Vilmar observa Percival Lafer autografando seu exemplar do livro do MP. |
Mas o que era doce se acabou. A tarde caia quando os motores foram acionados um após o outro. Fui procurar pela Renata e pela Carol, que estavam na pracinha de cima, onde fazem quermesses. Sem querer, fomos os últimos a ir embora. Sabe quando toca o sinal da escola, indicando que o recreio acabou? O jeito é voltar para a sala de aula, ou seja, para casa. Algo que fiz de forma relutante, ao fazer umas paradas pelo caminho.
Região central Pirapora do Bom Jesus, fotografada no mirante da margem oposta do Rio Tietê. |
A primeira foi em Pirapora do Bom Jesus, por onde passa a Estrada dos Romeiros, uma terra onde a fé inspira os poetas. Assim, compartilhei a seguinte mensagem em meu perfil do Instagram:
"Em parte, também sou "Caipira Pirapora Nossa... Senhora de Aparecida" e, embora não seja católico, peço como evangélico protestante que você, onde estiver, independentemente de seu credo, faça uma oração pela menina Manu, de apenas 9 anos. Ela foi com a família passar um fim de semana num hotel e se afogou numa piscina. Foi socorrida e está lutando pela vida, mesmo inconsciente num leito de hospital. Embora ela seja de Paulínia, onde moramos, não conheço os pais dela, mas como pai, sinto uma angústia lancinante por não poder fazer nada além de orar e de estar junto nessa comoção. Força Manu, você não está sozinha."

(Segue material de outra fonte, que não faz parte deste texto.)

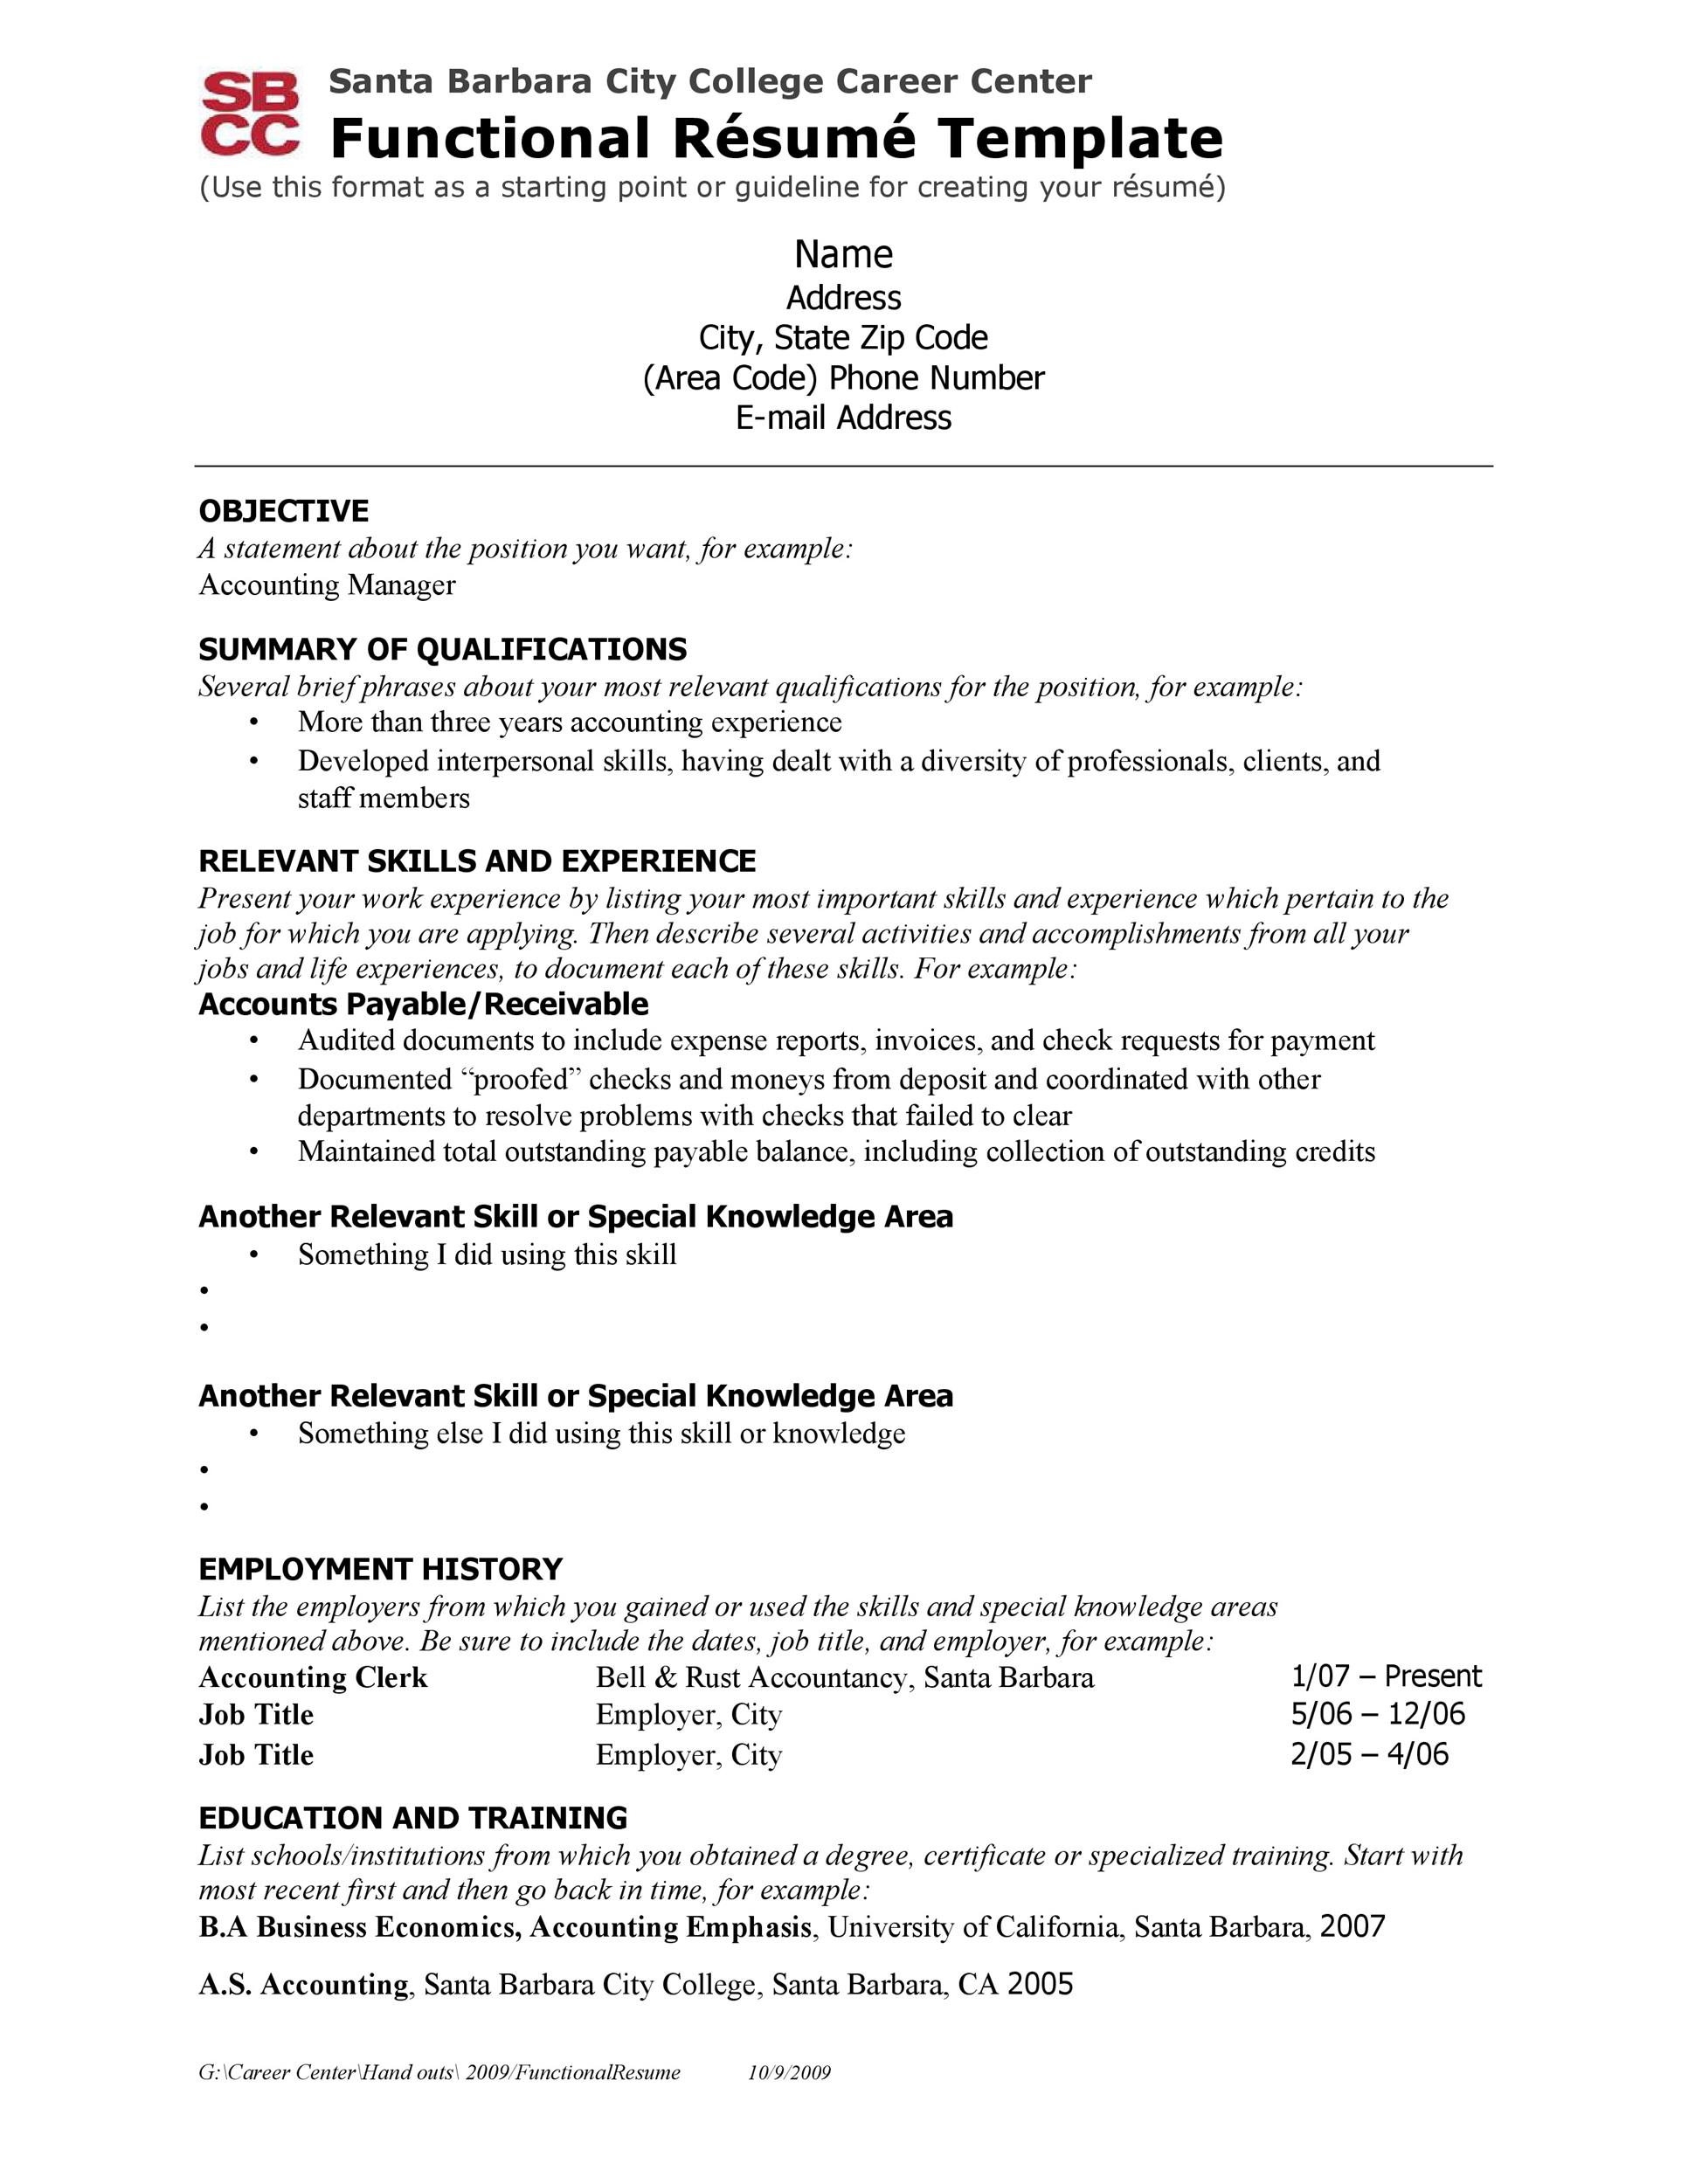 Free college resume template 12

O dia ainda não havia terminado. Deu tempo de formular uma reflexão final. Fique com ela após meus votos de Feliz Natal e Próspero 2025!
Fachada da Igreja Matriz de Cabreúva. |
"Tem curso para tudo: para aprender uma profissão, para passar num concurso, para ganhar dinheiro na Bolsa, para se ocupar enquanto os outros dormem. Tem mestrado e doutorado para especialistas em agenda lotada. Porém, quando o platinado cola, percebemos que não existe faculdade para desacelerar. O Dolce Far Niente não é uma disciplina que pode ser ensinada, posto que se fosse disciplina, não seria Dolce Far Niente, algo que se aprende por conta própria, por tentativa e erro. Quem é adepto do Dolce Far Niente é, por definição, um errante num mundo onde os outros querem apenas acertar.
Tratei de colocar em prática a tentativa de experimentar um sábado curtindo o Doce Fazer Nada, para esquecer do trabalho. Estava em Santana de Parnaíba e precisava voltar para Paulínia. De um lado, poderia passar por trás do Alphaville e acessar a Rodovia Anhanguera. Do outro, poderia cruzar Barueri (onde um dia pretendo montar o Bar Ueri) e cair na Rodovia Castelo Branco. Pedágios, caminhões, estresse. Estou fora. Escolhi o caminho do meio: a Estrada Parque, uma pista simples que serpenteia pelas margens do Rio Tietê, onde se anda devagar para apreciar a natureza, as pessoas fazendo churrasco nas varandas de seus casebres e alguns cavaleiros perdidos, procurando pelos rastros dos bandeirantes.
Chegando em Cabreúva, estacionei na Praça da Igreja Matriz. Mais uma fachada fotografada para a minha coleção. Ao lado dela avistei a Sorveteria Laurini, um predinho de esquina bem tradicional, com platibandas tentando esconder o telhado de barro. O interior não era decorado feito um bolo de casamento. O acabamento era bem simples e honesto, com paredes azulejadas num tom de polpa de melão. Mandei três sabores para a casquinha: flocos, pistache e açaí.
Qual era o gosto? Não tinha gosto de sorvete caseiro, nem de sorvete artesanal chique, tinha gosto de sorveteira do interior, e isso é bom demais, sem branding, sem marketing, sem narrativas para realçar o sabor, mas ainda assim descobri que o local já tem mais de cem anos e está na terceira geração da família.
Sentei numa janela com vista para a cidade, para ver a vida e as pessoas passarem. Dolce Far Niente: ainda vou ficar bom nisso."